A Brief History
Woody Island is a small island that lies at the northern entrance to Chiniak Bay, just two miles from the city of Kodiak. It is part of the outlying islands that provide shelter for Kodiak's harbors. Woody Island is four miles long and two miles wide. It has seven small lakes and about thirteen miles of coastline. By Kodiak standards this is small island, yet is has a rich and remarkable history.
Archaeological data indicates that the Sugpiaq Alutiiq people occupied the island for a millennia. Prehistoric sites are common on Woody Island. When Russian traders arrived, the major Alutiiq village in northern Chiniak Bay was on Woody Island's western coast. Known by its Sugqiaq name, Tangirnaq, this village was home to hundreds of residents who called themselves Tangirnarmiut, "the people of Tangirnaq." The Russians called this settlement Ostrov Leisnoi or, "wooded island."
The Russian-American Commercial Company operated an ice company on the island beginning in 1852. They dammed Lake Tanignak, increasing its depth substantially. They cut and shipped ice south to the west coast of America. The company brought in the first iron rails to haul ice and horses. Horse-powered saws cut the ice into blocks and a sawmill was built to produce sawdust that was used to insulate the ice for shipment. The first road built in Alaska was graded around Woody Island to allow the horses to be exercised. In 1867 the company was renamed the Kodiak Ice Co.
Ernest and Ida Roscoe founded a Baptist orphanage and church on Woody Island in 1893. This provided a home for some children who were in need, but it also led to many conflicts with Native families over the custody of their children. The Baptist missionaries sometimes brought children to the orphanage, even against their parents' will. They also discouraged the practice of Russian Orthodoxy, which was the faith of most Woody Islanders at that time.
World War II brought more changes to Tangirnaq. A communications station was built in 1941, along with houses for the many families who joined the men employed there. Beginning in 1942, a great number of the island's trees were cut down by the Army to support the war effort in the Aleutians. Finally, in the 1960's, the public school was closed and children began to attend school in Kodiak. For a while, people remained on Tangirnaq, preferring to travel to and from Kodiak for school and work. However, when ferry service was discontinued after 1970, most residents moved to Kodiak permanently.
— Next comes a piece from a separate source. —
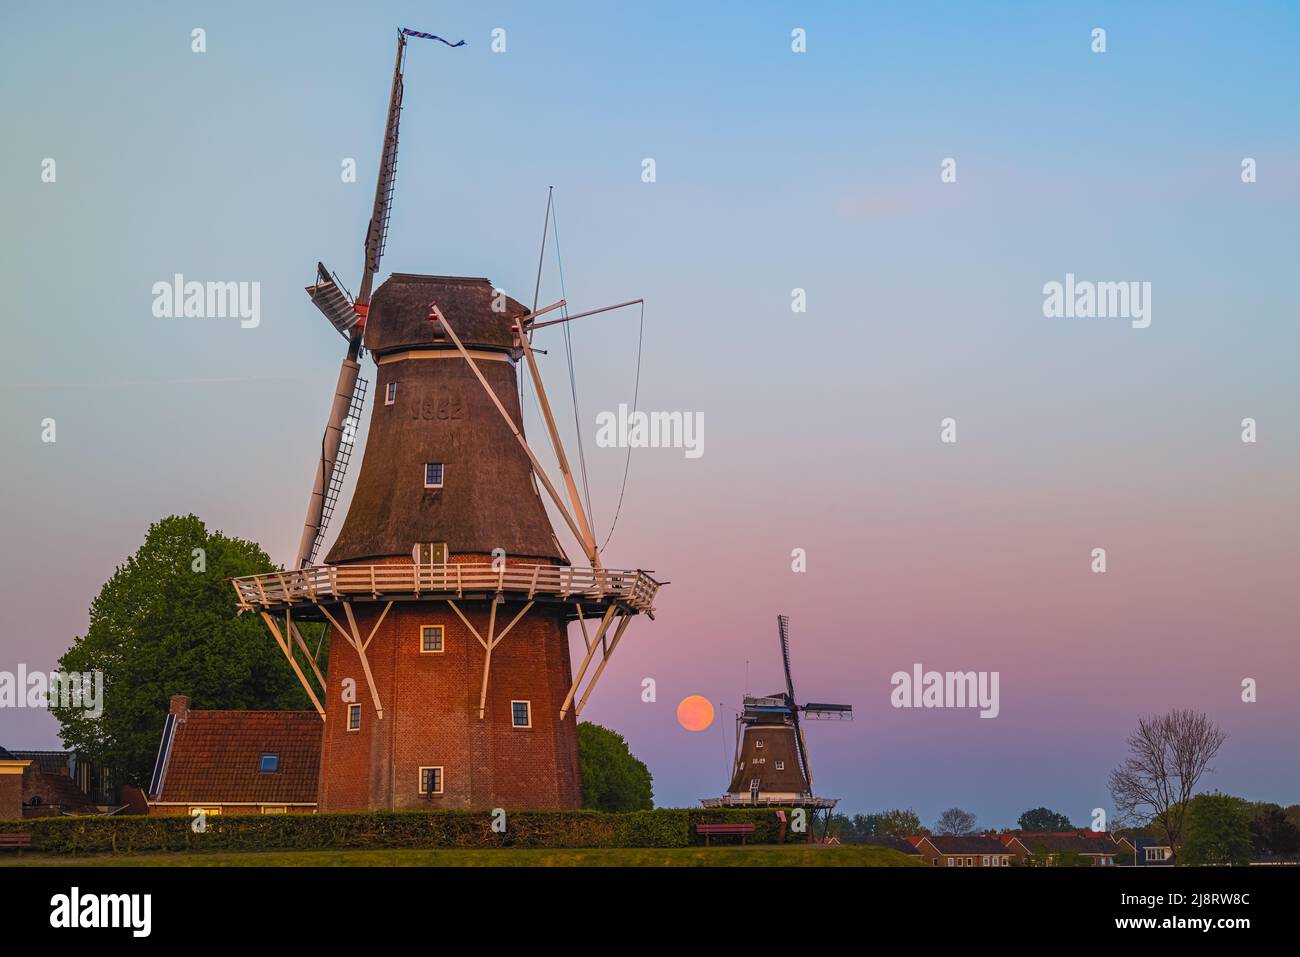 Puesta de sol y puesta de luna llena cerca de Flour Mill 'De Hoop' y 'Zeldenrust' en la ciudad holandesa de Dokkum, en la provincia de Frisia en el norte Foto de stock

During the 1950's, the American Baptist Church began offering a non-denominational summer camp (Camp Woody) on the island, which is still in operation today. The FAA still maintains a radio beacon on the island for aircraft directional use. There is no longer any public transportation to the island. The majority of land on Woody Island is private property, except for a wilderness area belonging to Alaska State Parks. A number of people still hunt and fish the lands and water of Tangirnaq. The island is inhabited today by two "hermits" and is visited by two families owning summer homes. They, along with others, will always consider Woody Island to be their home.